Giovanni Francesco "Gianni" Rodari (; 23 October 1920 – 14 April 1980) was an Italian writer and journalist, most famous for his works of children's literature, notably Il romanzo di Cipollino. For his lasting contribution as a children's author he received the biennial Hans Christian Andersen Medal in 1970. He is considered as Italy's most important 20th-century children's author and his books have been translated into many languages, though few have been published in English.

Biography
Rodari was born in Omegna, a small town on Lake Orta in the province of Novara in northern Italy. His father, a baker, died when Rodari was only eight. Rodari and his two brothers, Cesare and Mario (who was younger than him), were raised by his mother in her native village, in the province of Varese. After three years at the seminary in Seveso, Rodari received his teacher's diploma at the age of seventeen and began to teach elementary classes in rural schools of the Varese district. He had interest in music (three years of violin lessons) and literature (discovered the works of Nietzsche, Schopenhauer, Lenin and Trotsky which sharpened his critical sense). In 1939, for a short time, Rodari attended the Catholic University of Milan.
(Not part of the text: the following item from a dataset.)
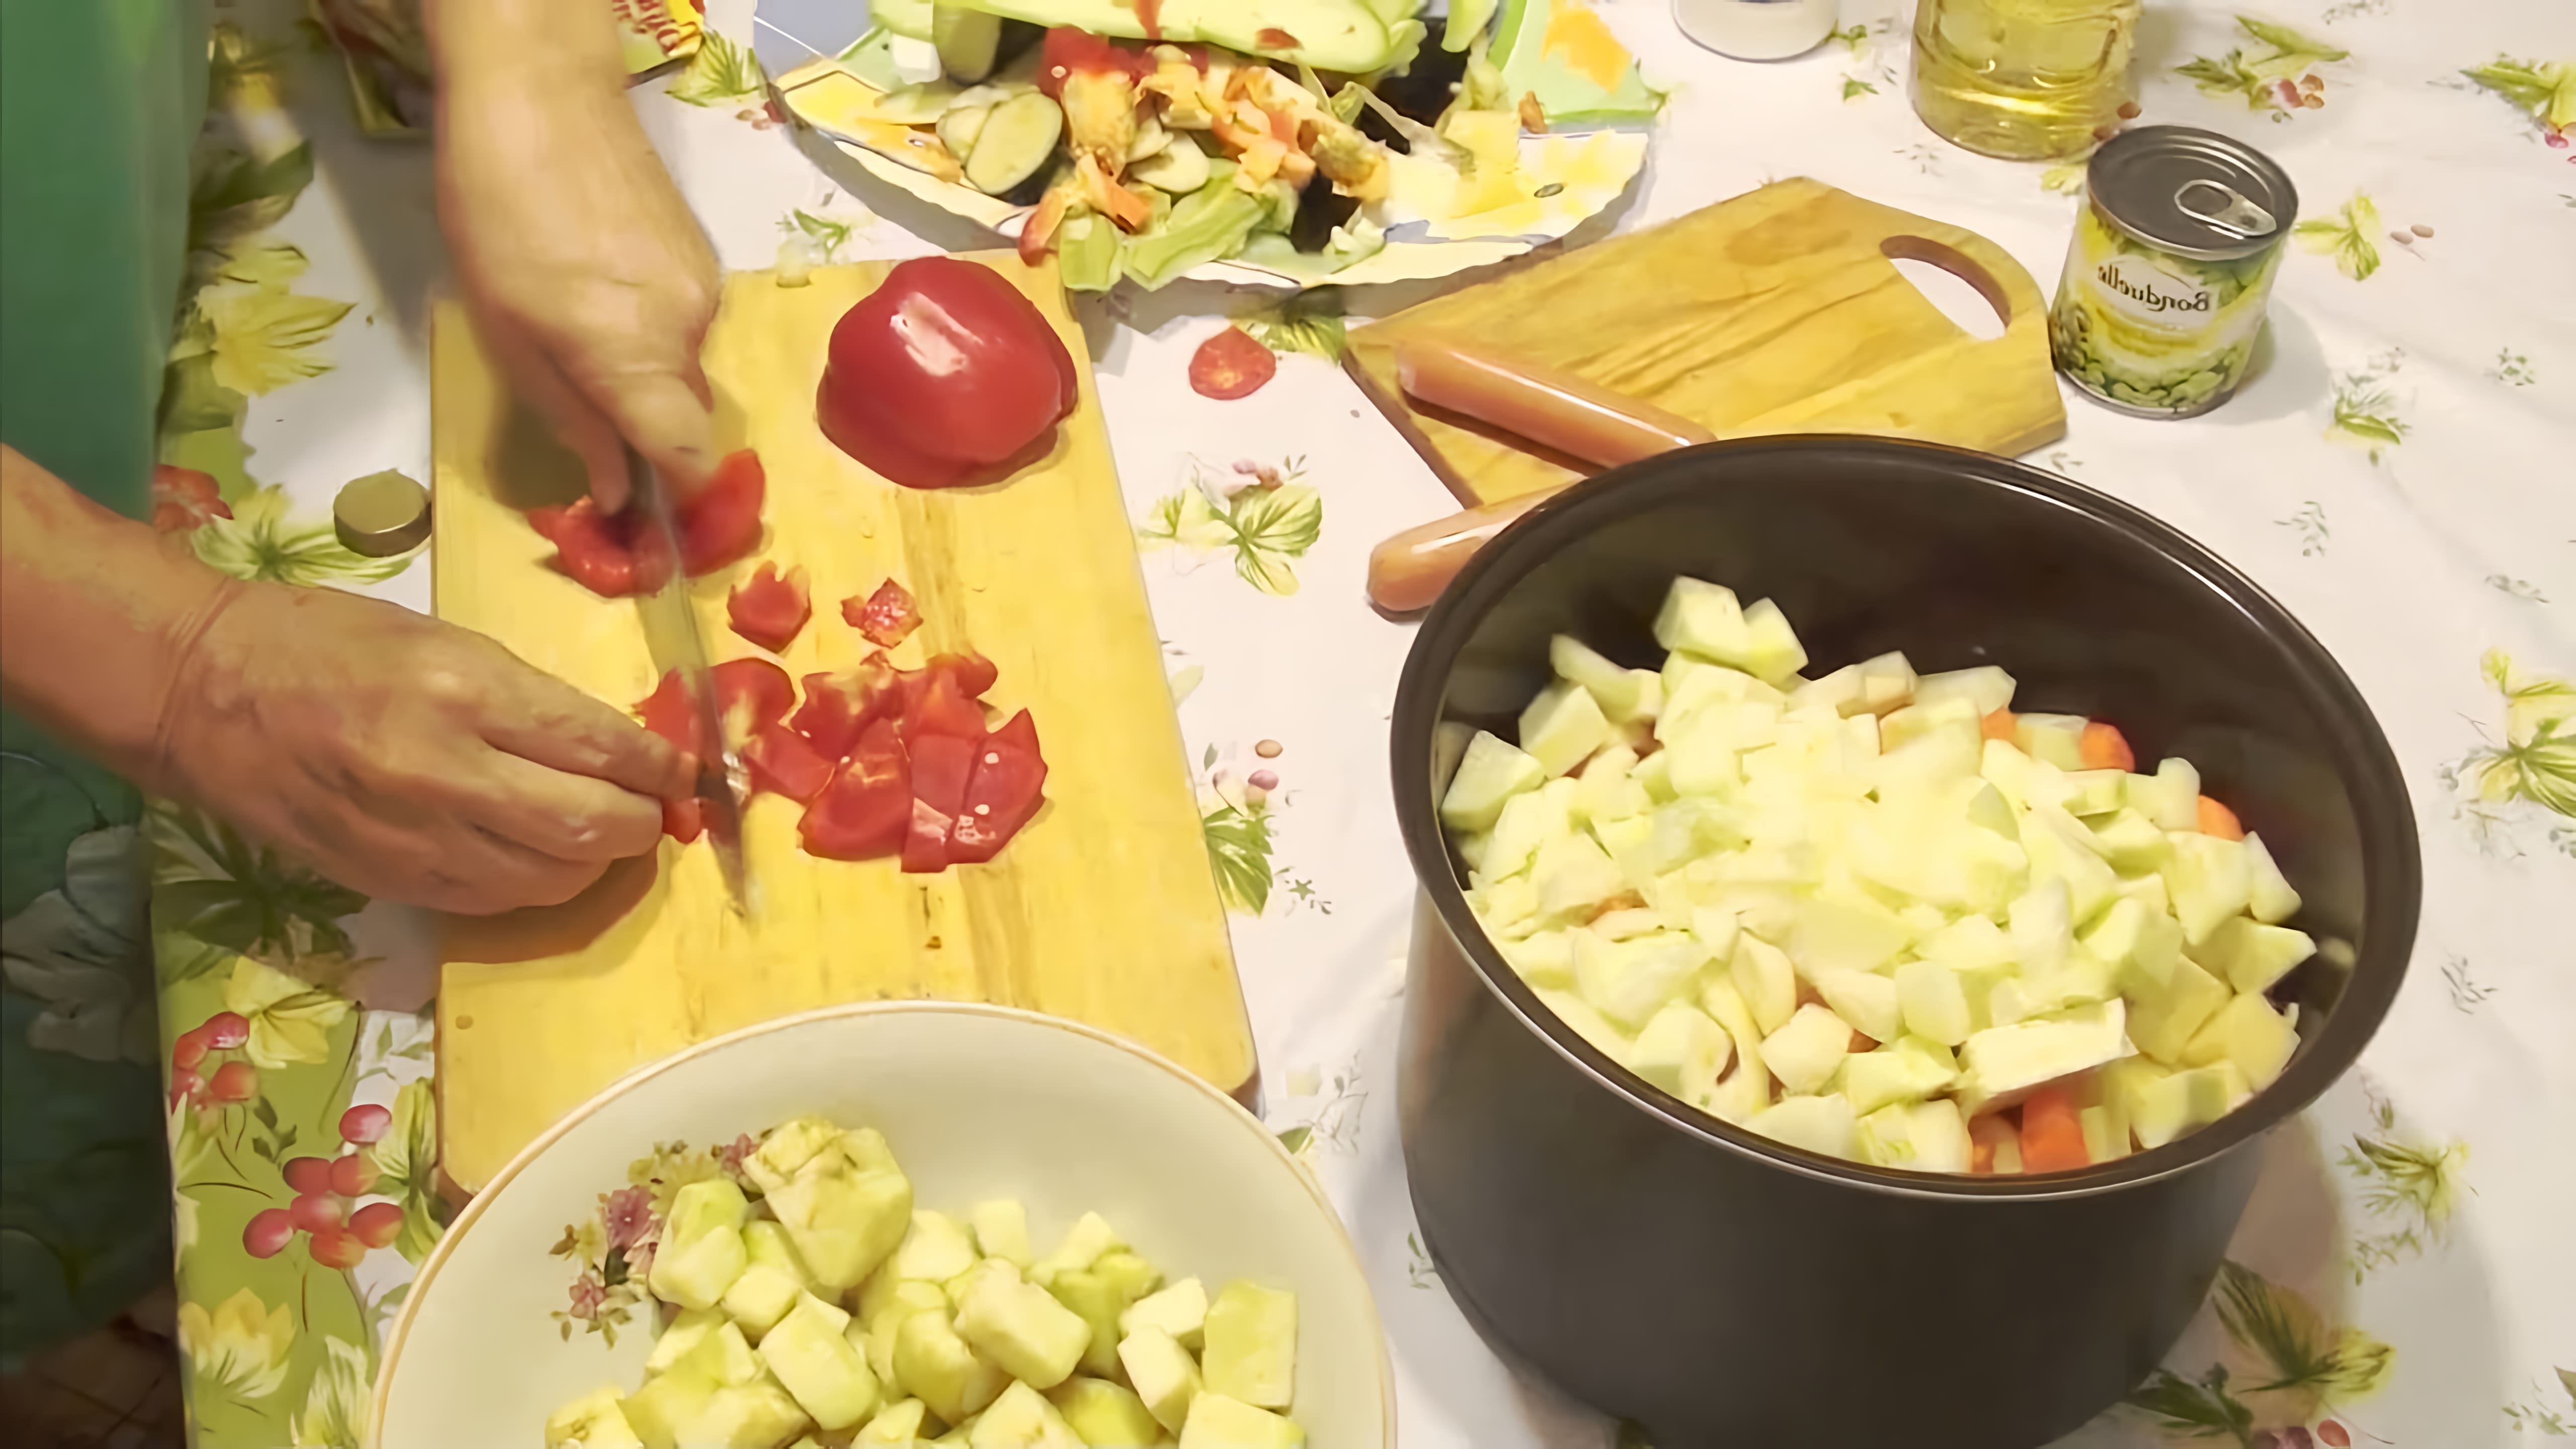 В этом видео демонстрируется процесс приготовления овощного рагу в мультиварке

During World War II, Rodari had a deferment from the army due to his ill health. Due to his precarious financial situation, he applied for work at the Casa del Fascio and was forced to join the National Fascist Party. Traumatized by the loss of his two best friends and his favorite brother Cesare's incarceration in a German concentration camp, Rodari joined the Italian Communist Party in 1944 and participated in the Italian resistance movement.
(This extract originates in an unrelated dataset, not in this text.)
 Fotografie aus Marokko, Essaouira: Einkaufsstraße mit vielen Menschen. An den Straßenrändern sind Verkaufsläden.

In 1948, as a journalist for the Communist periodical L'Unità, he began writing books for children. In 1950, the Party installed him as editor of the new weekly children's magazine Il Pioniere in Rome. In 1951, Rodari published his first books, Il Libro delle Filastrocche and Il Romanzo di Cipollino.

In 1952, he traveled for the first time to the Soviet Union, which he frequented thereafter. In 1953, he married Maria Teresa Feretti, who four years later gave birth to their daughter, Paola. In 1957, Rodari passed the exam to become a professional journalist.
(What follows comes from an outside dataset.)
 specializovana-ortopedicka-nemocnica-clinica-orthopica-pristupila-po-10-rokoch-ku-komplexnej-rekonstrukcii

Rodari spent the years 1966–1969 working intensively on collaborative projects with children. In 1970 he received the Hans Christian Andersen Medal for children's literature, which gained him a wide international reputation as the best modern children's writer in Italian. The biennial award by the International Board on Books for Young People is the highest recognition available to a writer or illustrator of children's books. His works have been translated into numerous languages.

In 1979, after another trip to the Soviet Union, his health, never very robust, declined and his productivity diminished. He died in Rome, following a surgical operation, in April 1980.

Works

He is perhaps best known for developing the story of Cipollino.  The story of Cipollino was popular enough to have a ballet staged in the Soviet Union in 1973, composed by Karen Khachaturian and choreographed by Genrik Alexandrovich Maiorov. Cipollino, or Little Onion, fights the unjust treatment of his fellow vegetable townfolk by the fruit royalty (Prince Lemon and the overly proud Tomato) in the garden kingdom. The main theme is the "struggle of the underclass and the powerful, good versus evil" and the importance of friendship in the face of difficulties. Rodari's works have continued to be published and re-illustrated by other authors after his death, including Nicoletta Costa.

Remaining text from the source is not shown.